Искусство отсутствовать - [2]
Итак, речь дальше пойдет об образе литературного поколения, возникшем в послереволюционной эмиграции. Этот коллективный образ может обозначаться по-разному, но всегда расплывчато, при помощи соотносительных дефиниций. Интересующее нас «поколение» называют «молодым», «младшим» (по отношению к «старшему»), «вторым» (по отношению к «первому»); наконец, эпитет, предложенный Варшавским, тоже указывает — на этот раз с отчетливым укором — на стороннюю инстанцию; для появления «незамеченного поколения» необходимы те, кто его не заметил.
Такие предельно общие термины, как правило, привязываются к четким хронологическим координатам, а нередко и к конкретному месту действия. Время «незамеченного поколения» отсчитывают с середины 1920-х до начала 1940-х годов, при этом часто имеют в виду только Париж, хотя литературные сообщества русских эмигрантов существовали и в Берлине, Праге, Харбине. Более того, образ поколения способен сужаться до довольно тесного круга литераторов — завсегдатаев монпарнасских кафе и авторов журнала «Числа»[7]; в этом случае роль «идеолога» и «наставника молодых» отводится Георгию Адамовичу, «выразителем умонастроений», «легендой поколения» признается Борис Поплавский. Однако поколенческая риторика остается гибкой: так, ровесник Поплавского Газданов или почти ровесник Набоков, предпочитавшие дистанцироваться от монпарнасского круга, могут и причисляться к «молодой эмигрантской литературе», и противополагаться ей — в зависимости от ситуации.
Иными словами, исследователь здесь имеет дело с некоей коллективной литературной репутацией, которая, во-первых, плохо поддается описанию, а во-вторых, противоречива. Значимость групповой идентичности манифестируется и отстаивается, однако ключевые способы самоопределения связаны с категориями либо универсальными (молодость, новизна), либо негативными (вторичность и собственно незамеченность). Границы поколения то достаточно жестко отсекают «чужих» от «своих», то оказываются предельно размытыми. Общая констатация неуспеха «целого поколения» сочетается с настойчивым поиском его «ярких фигур»: к поколению, «которое самой историей было обречено на несостоятельность и исчезновение»[8], по всем формальным признакам следует отнести сверхуспешного, сверхпопулярного Набокова. В конце концов сам термин «незамеченное поколение» парадоксален — его активное употребление уже указывает на то, что речь идет о литераторах, в той или иной степени замеченных.
Вряд ли удастся разрешить эти противоречия, не выяснив, как конструировалось «поколение» и как конструировалась его «незамеченность», как создавалась столь легко воспроизводимая и столь проблематичная для исследователя коллективная репутация, как складывался образ литературного явления — целостного и размытого, состоявшегося и незамеченного одновременно.
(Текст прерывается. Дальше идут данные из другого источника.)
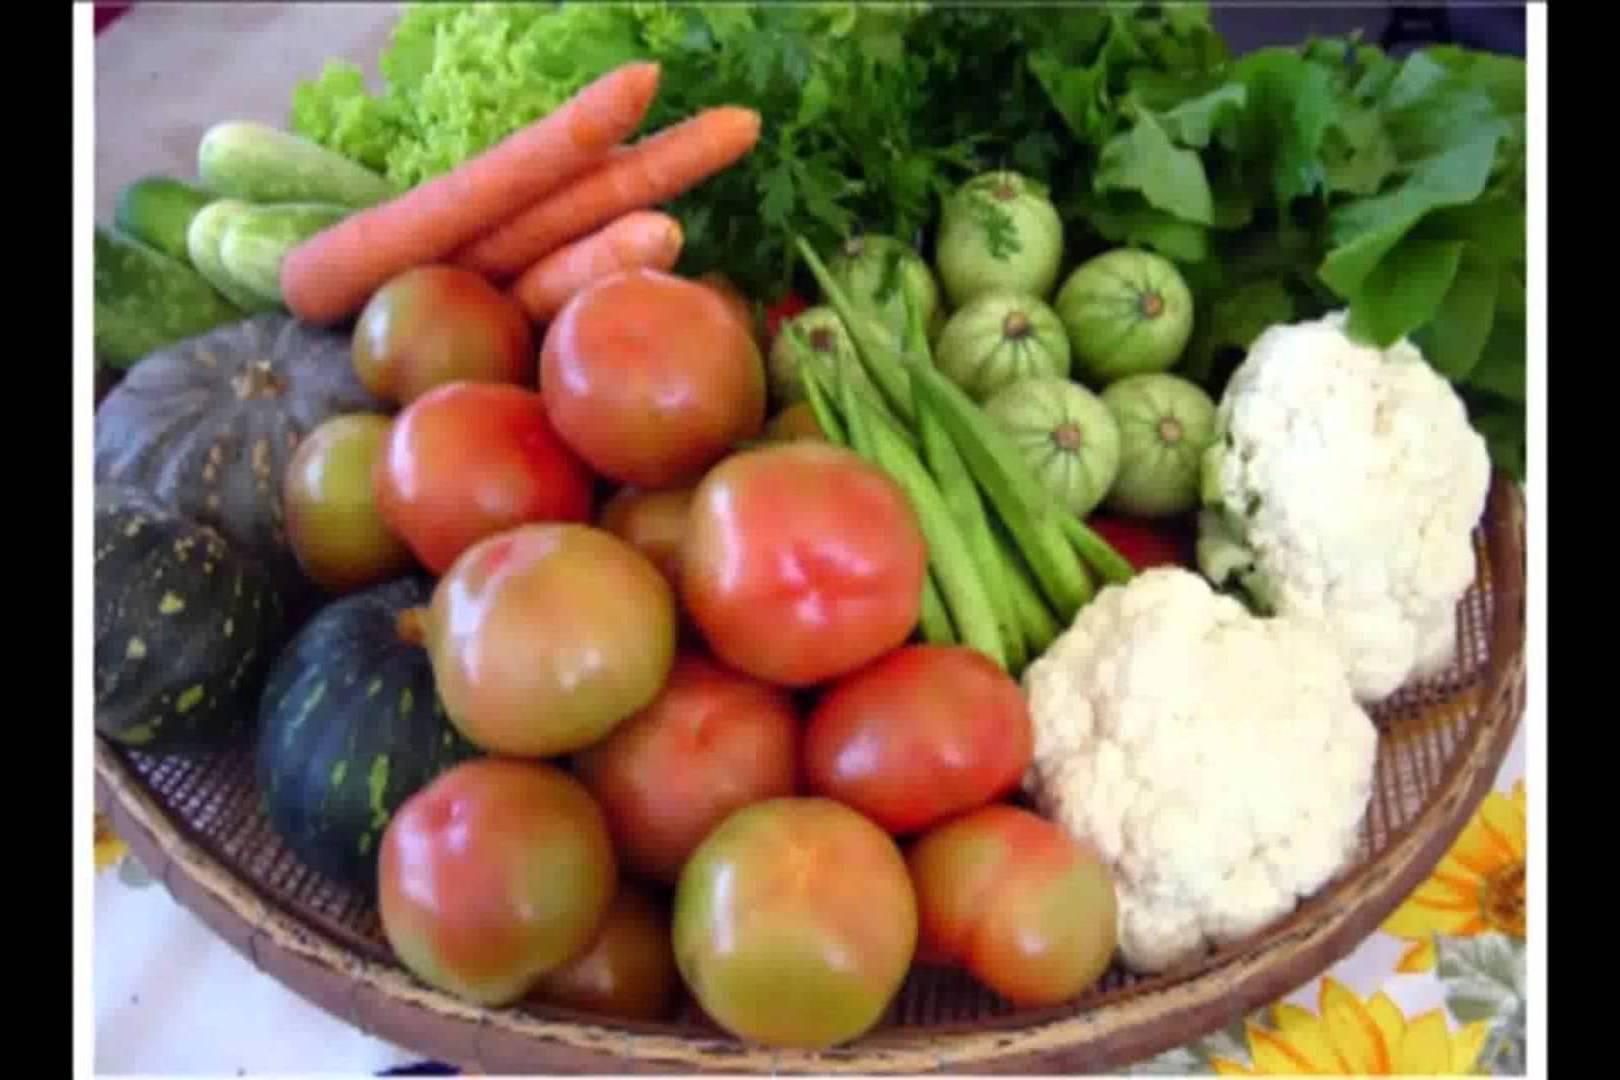 Dieta Vegetariana – Emagrecer Comendo Verduras na Dieta Vegetariana

Под конструированием, конечно, подразумевается не целенаправленная и согласованная стратегия, а проявление установок и ценностных предпочтений, наиболее популярных поведенческих практик, наиболее востребованных способов самопрезентации — общий результат индивидуальных, не обязательно осознанных выборов и социальных действий. Здесь важно, кто и с каких позиций говорит о поколении, кому адресовано высказывание, какие цели при этом преследуются, какая риторика используется, какие символы выбираются в качестве поколенческих, как ищутся и находятся основания поколенческой общности.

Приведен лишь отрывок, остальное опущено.